═══ RECORDED INFORMATION ═══

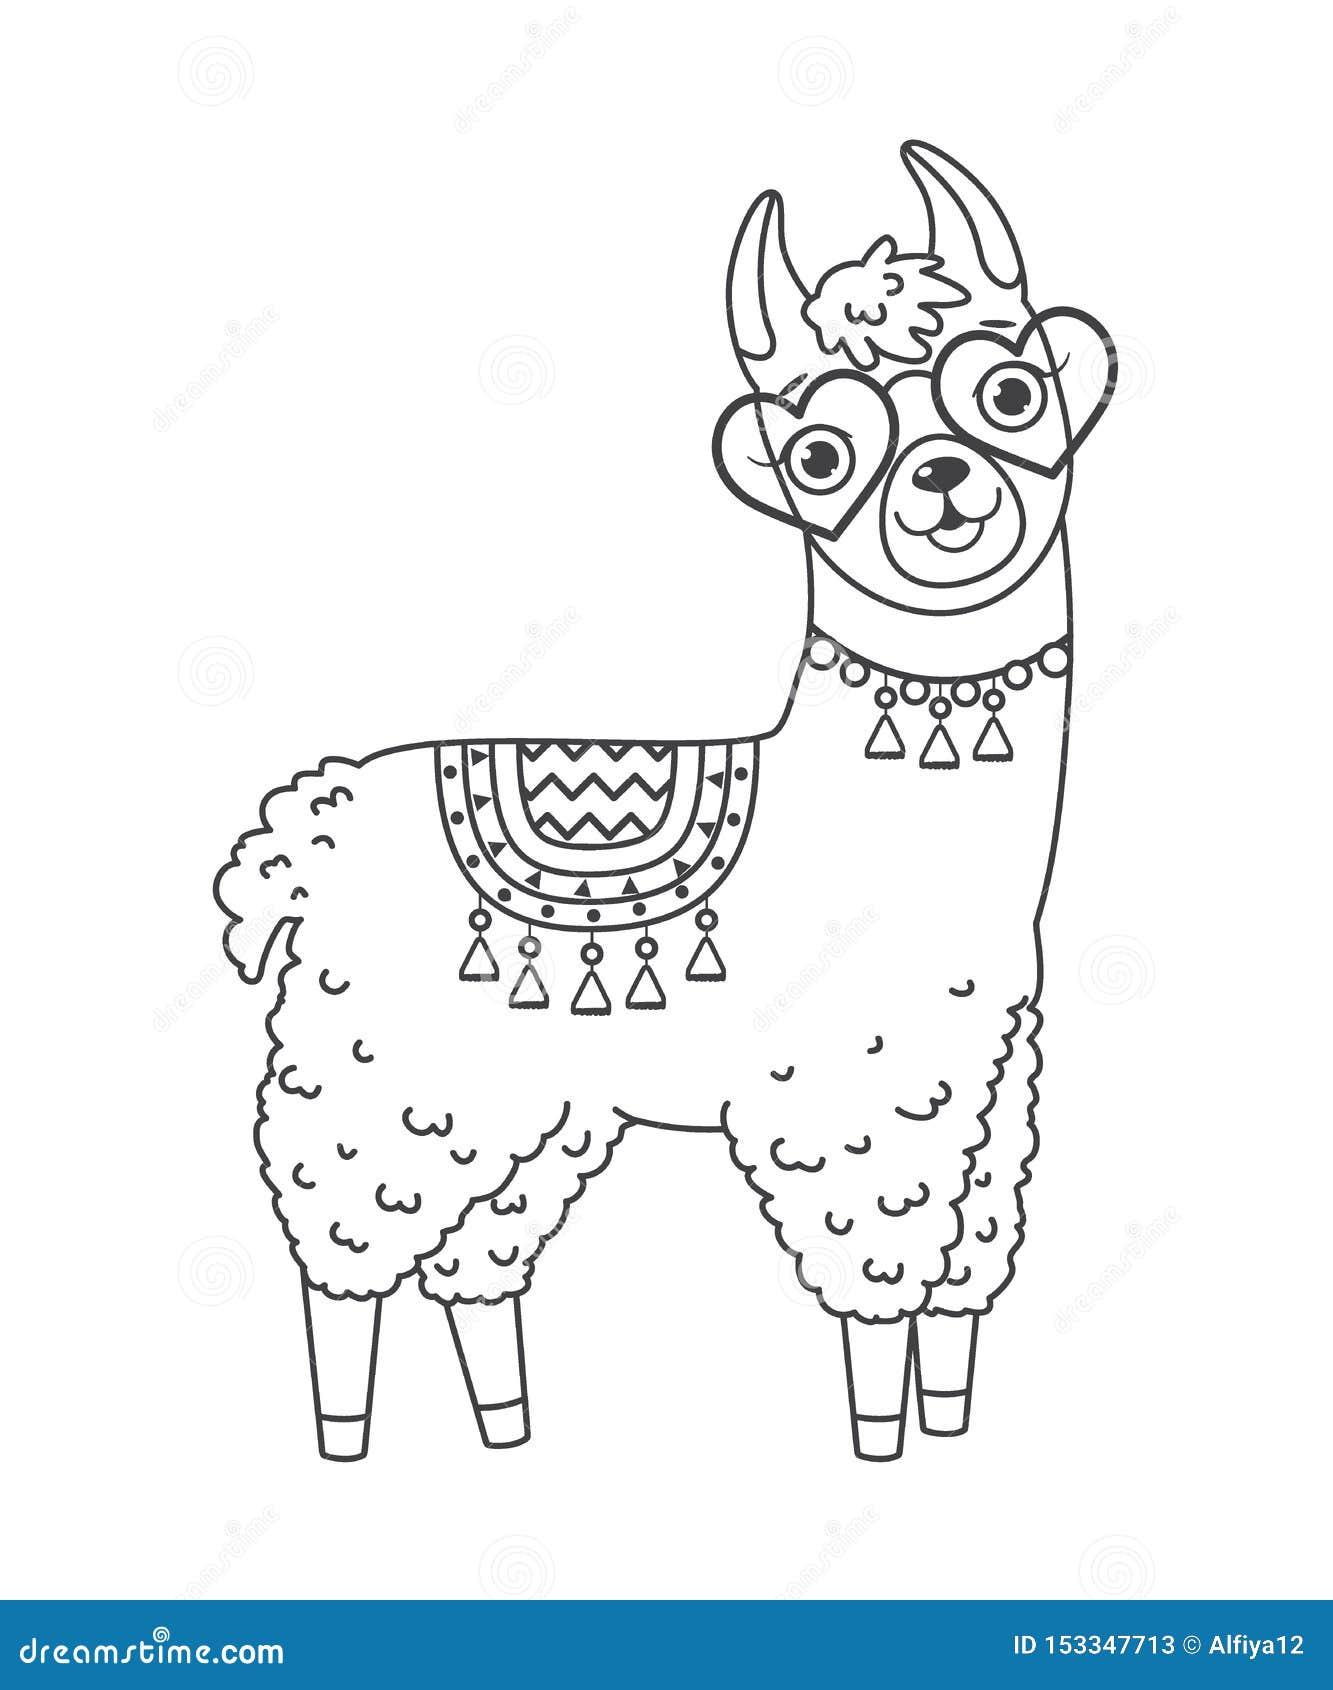 No prob-llama printable/coloring page | Malvorlagen für jungen ... | 1689x1333
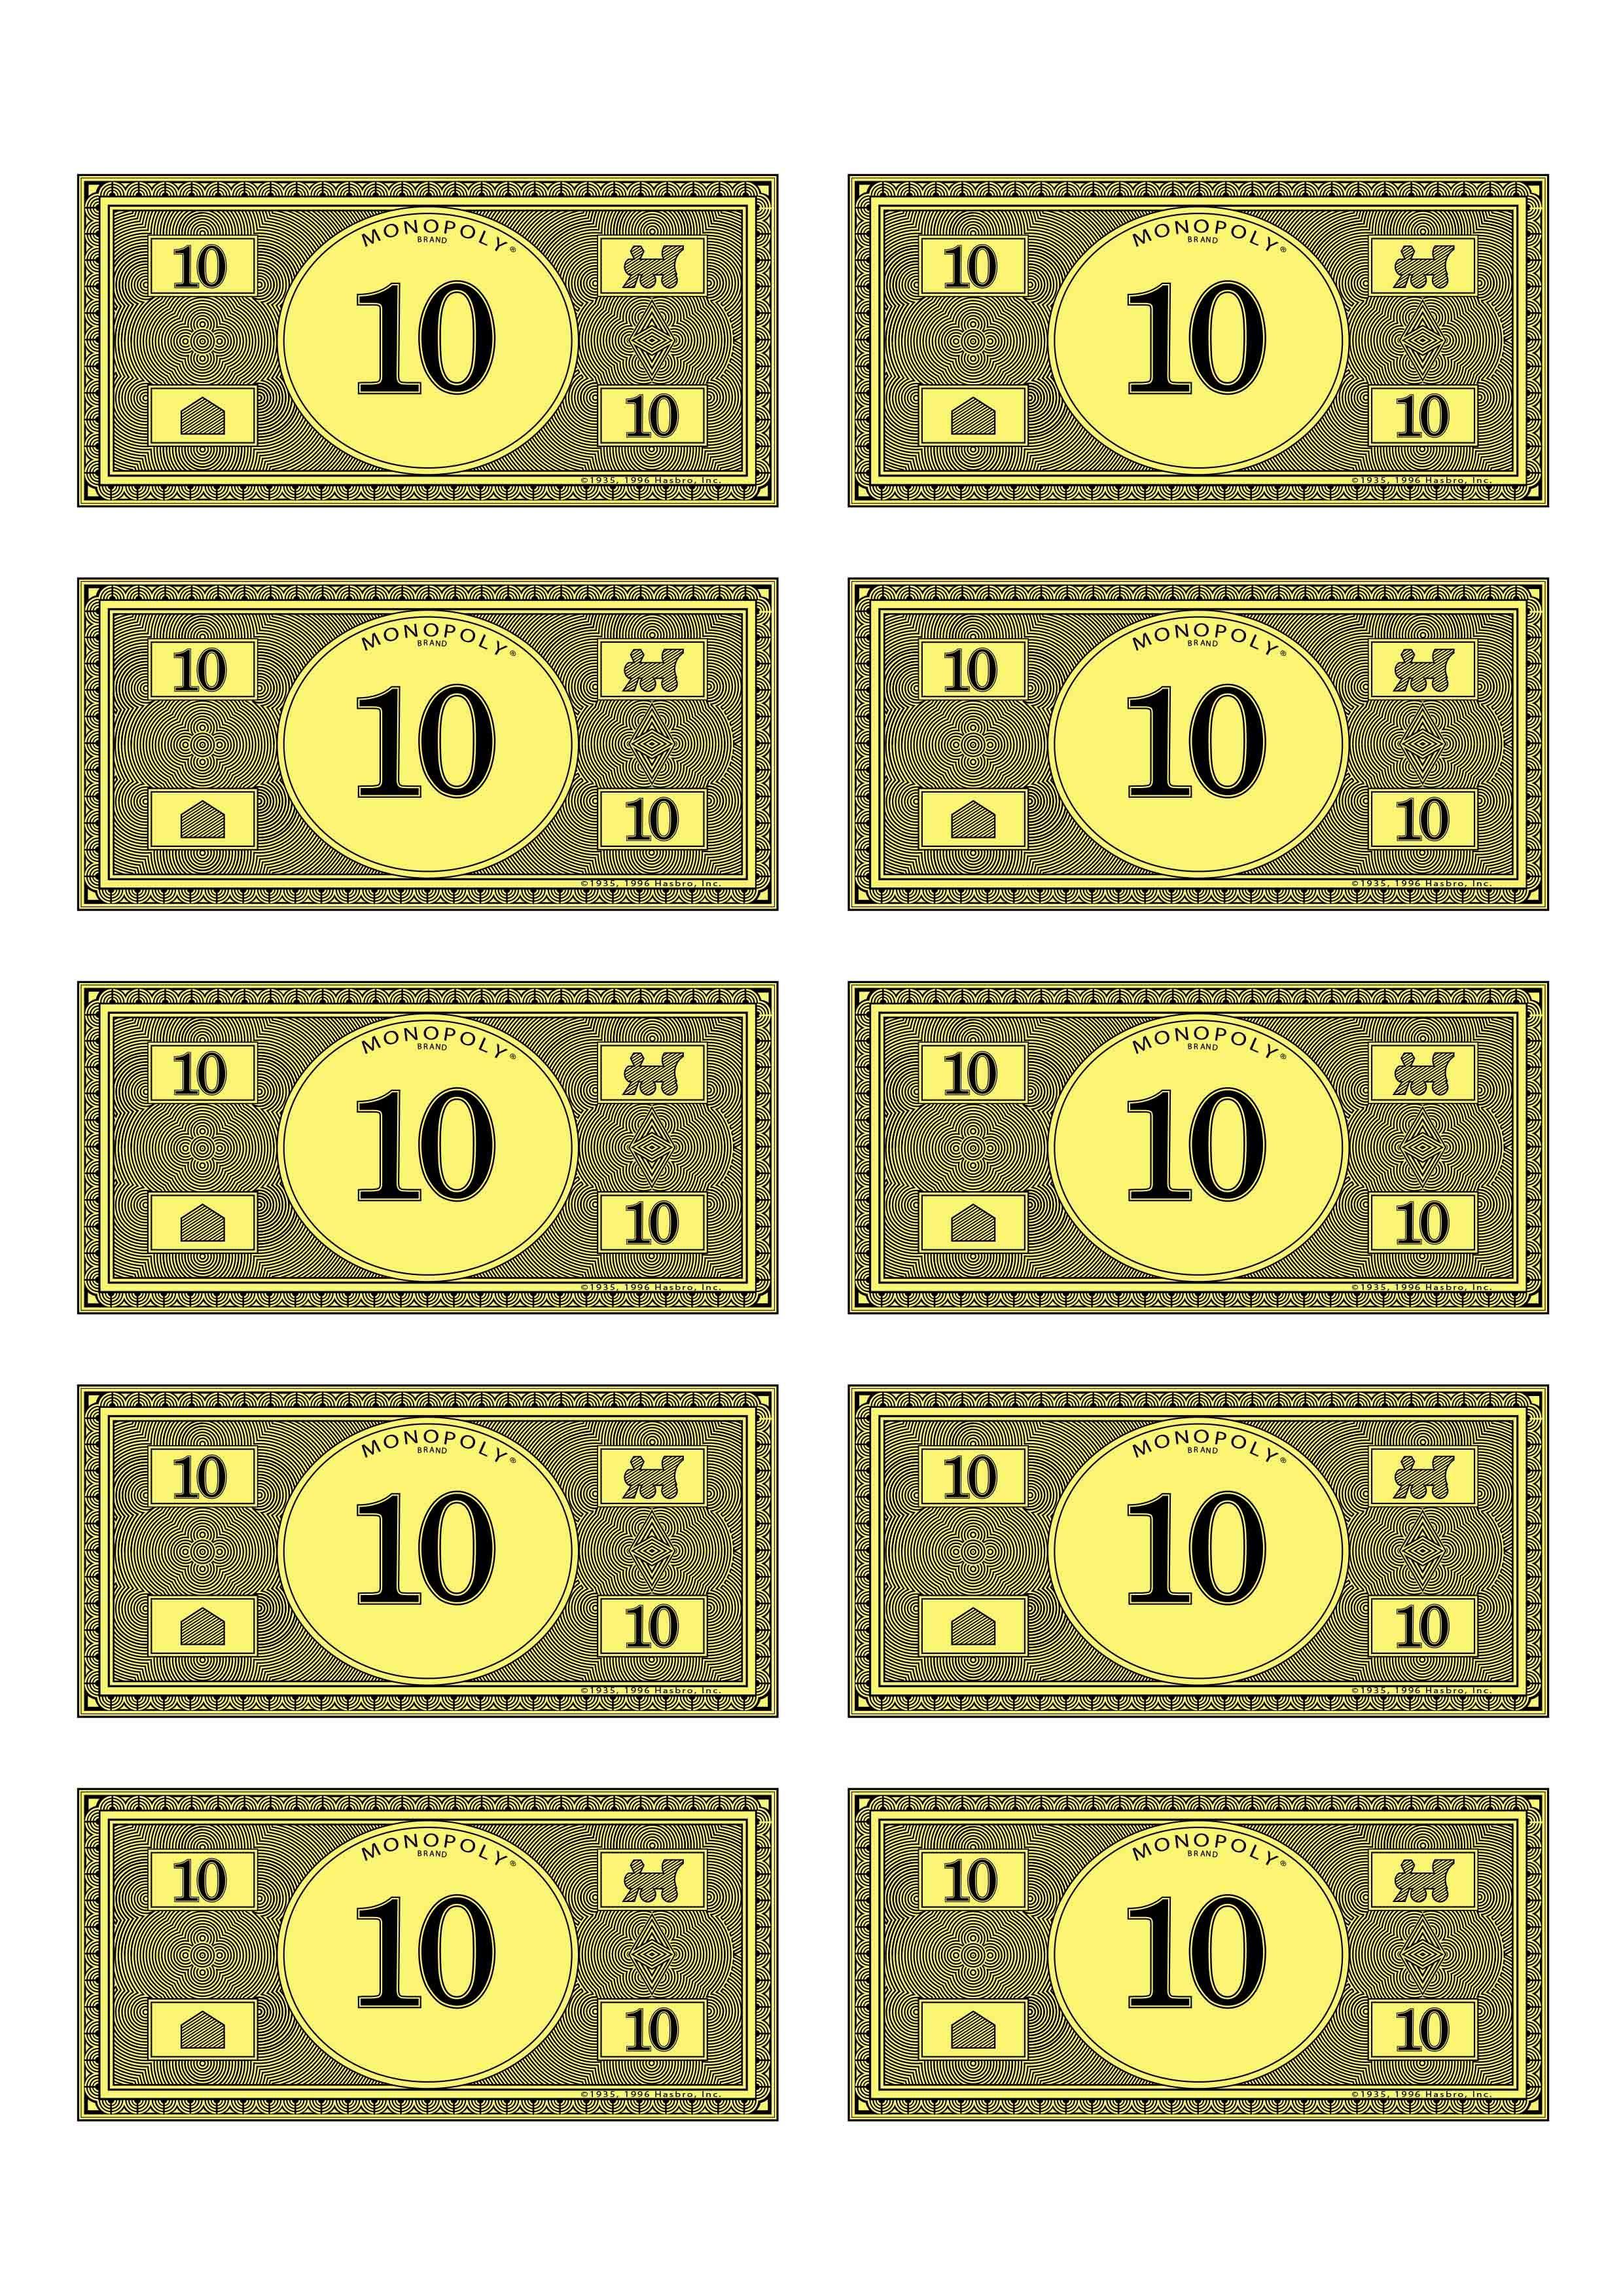 Monopoly Money 10
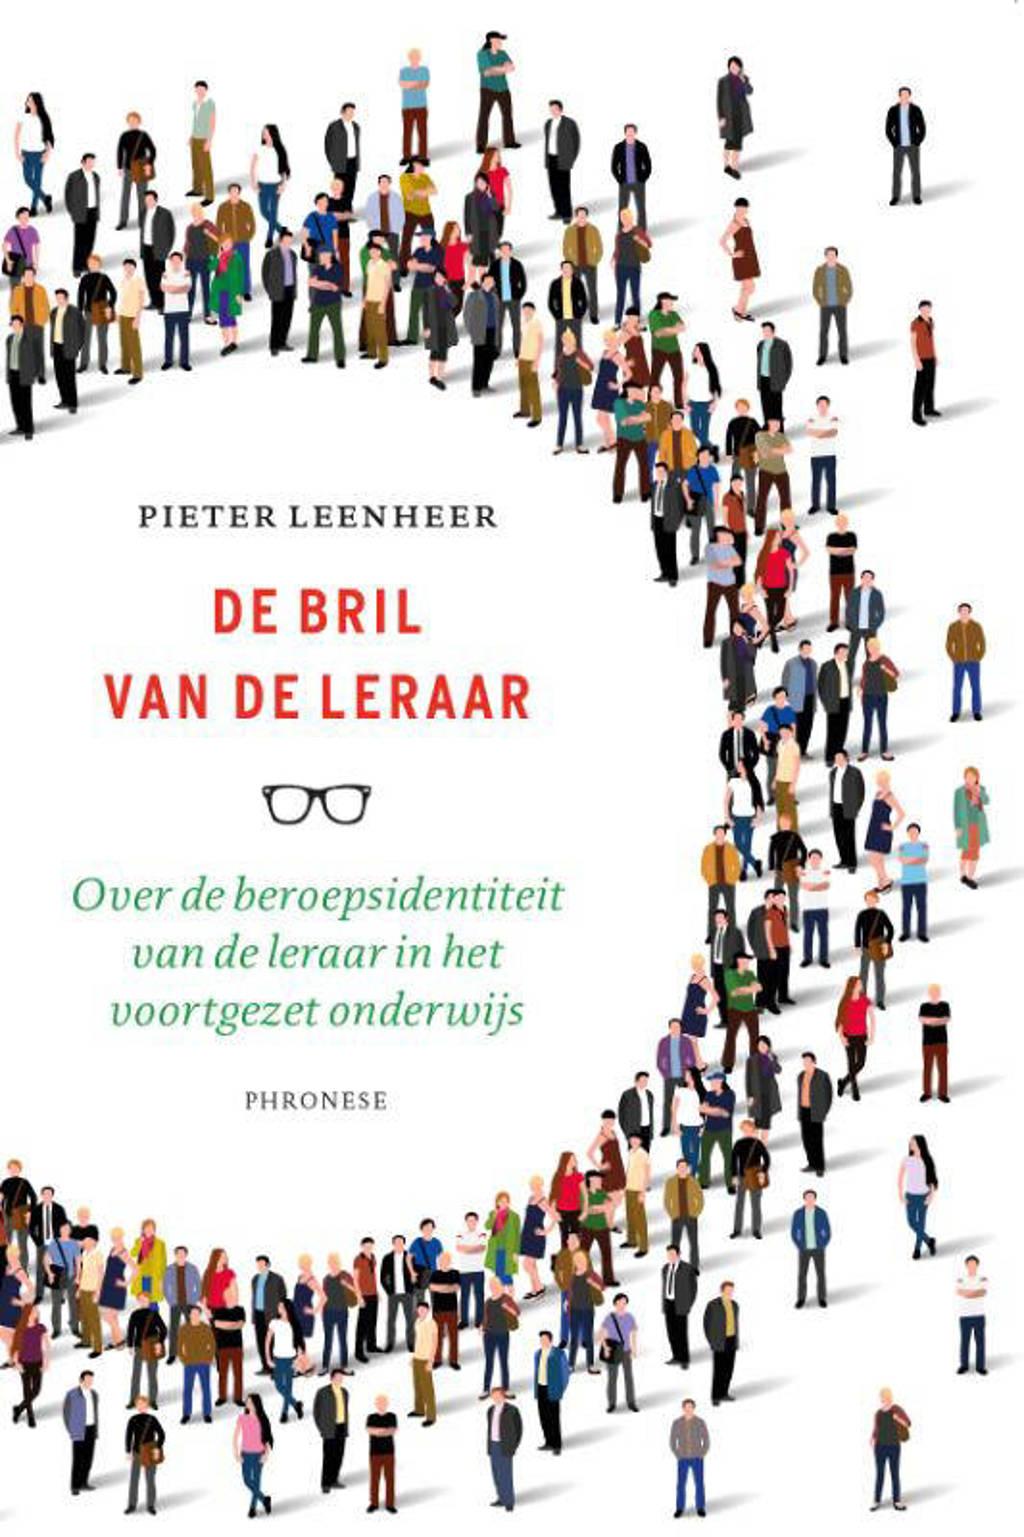 De bril van de leraar - Pieter Leenheer

═══

**EXERCISE OBJECTIVE**
Write out again every line above exactly as given; the pictures do not belong in the copy.

**WRITTEN ANSWER**
 No prob-llama printable/coloring page | Malvorlagen für jungen ... | 1689x1333
 Monopoly Money 10
 De bril van de leraar - Pieter Leenheer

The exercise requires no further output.